ALBANY — A comprehensive bill to combat climate change is on the verge of becoming the first major casualty of the legislative session, according to Gov. Andrew M. Cuomo, although several legislators are fighting back.
Cuomo said this week at two events that he doesn’t expect the proposed Climate & Community Protection Act to be approved in the final 10 days of the session. He said it is no longer among his priorities for this session.
The bill would set aggressive lower goals to reduce greenhouse gases from motor vehicles and development, and reduce the dependence on fossil fuels by shifting to renewable resources such as wind and solar power, among other actions. The bill is aimed at combating the rising temperatures of climate change that supporters blame for extreme storms and dangerous rises in sea level.

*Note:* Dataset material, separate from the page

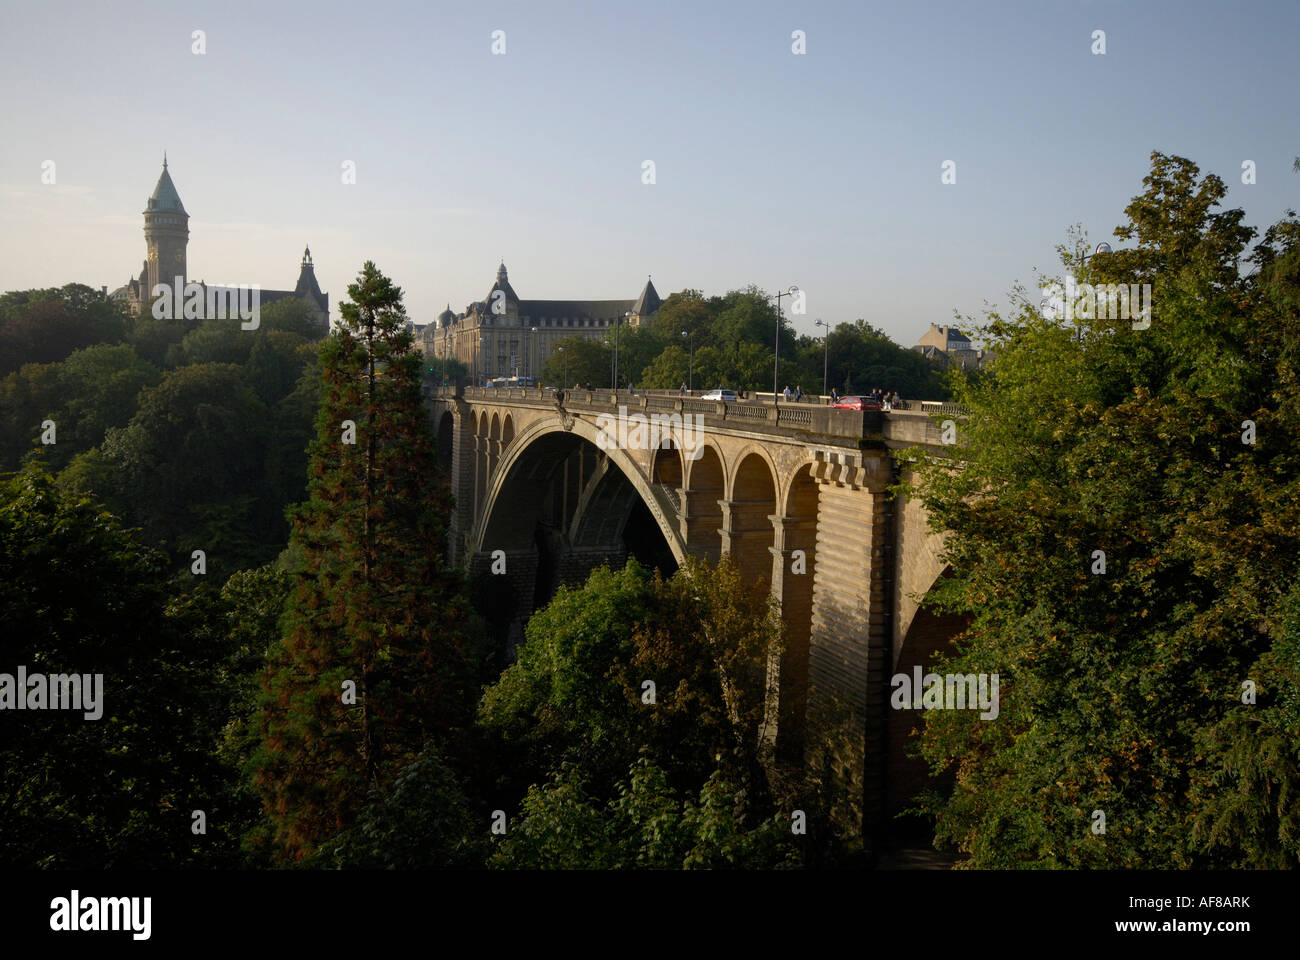 View at a bridge at Petrusse valley, Luxembourg city, Luxembourg, Europe Stock Photo

Supporters said legislative action is needed because the damage from climate change is accelerating. “We can all do that within the next nine days,” said Sen. Todd Kaminsky (D-Long Beach), chairman of the Senate Environmental Conservation Committee. “We will not take ‘no’ for an answer.”
Cuomo said his 10 priorities now for passage by the June 19 scheduled end of session include a rent control bill, women’s rights issues, ending the statute of limitations on second- and third-degree rape, ending a “gay panic” defense in connection with assaults on gay victims; and turning his executive order into law that empowers the attorney general to handle police shooting cases.
Democratic legislators pushing the climate change bill are led by Long Islanders: Kaminsky and Assemb. Steven Englebright (D-Setauket), who blame superstorm Sandy on climate change.
The issue could force another confrontation between Cuomo and the new Democratic majority of the Senate. The Assembly and Senate could choose to negotiate a bill between themselves and pass it, but that would risk a veto by Cuomo. The Legislature has never tried to override a Cuomo veto, but this is the first year the Senate has been led by Democratic progressives willing to challenge the governor.
“The issue is the most important and pressing issue in our state and nation and, arguably, in the world,” said Englebright, chairman of the Assembly Environmental Conservation Committee.
The June 19 end of session isn’t set in law, but decided each year by legislative leaders and has often been exceeded when the Senate or Assembly didn’t finish business they wanted to complete.
The Assembly has passed the climate change bill in each of the last three years, but it was stopped by the former Republican majority of the Senate. Kaminsky said all 39 Democrats in the Senate said they support the bill, which would be seven more votes than needed. The bill, however, has made little progress in the Senate since it was introduced in January.
In the closing days of a legislative session, the priorities of the governor and legislative leaders are negotiated behind closed doors. The deal is often released in the final days of the session in what is often referred to as the big ugly — a term for an omnibus bill that combines major but unrelated issues.
“It would be ideal if there was a three-way agreement,” said Julie Tighe, president of the New York League of Conservation Voters. “But most important is that we want action this year.”
She called on Cuomo to re-engage in the fight to pass the bill, which was once one of his own priorities.
New York City Mayor Bill de Blasio noted Cuomo and the legislature have already made strides against climate change this session. They include enacting a congestion pricing plan for New York City, which should reduce traffic in Manhattan, and blocking a proposed pipeline from New Jersey to provide natural gas to the city and Long Island that could have been a threat to water quality.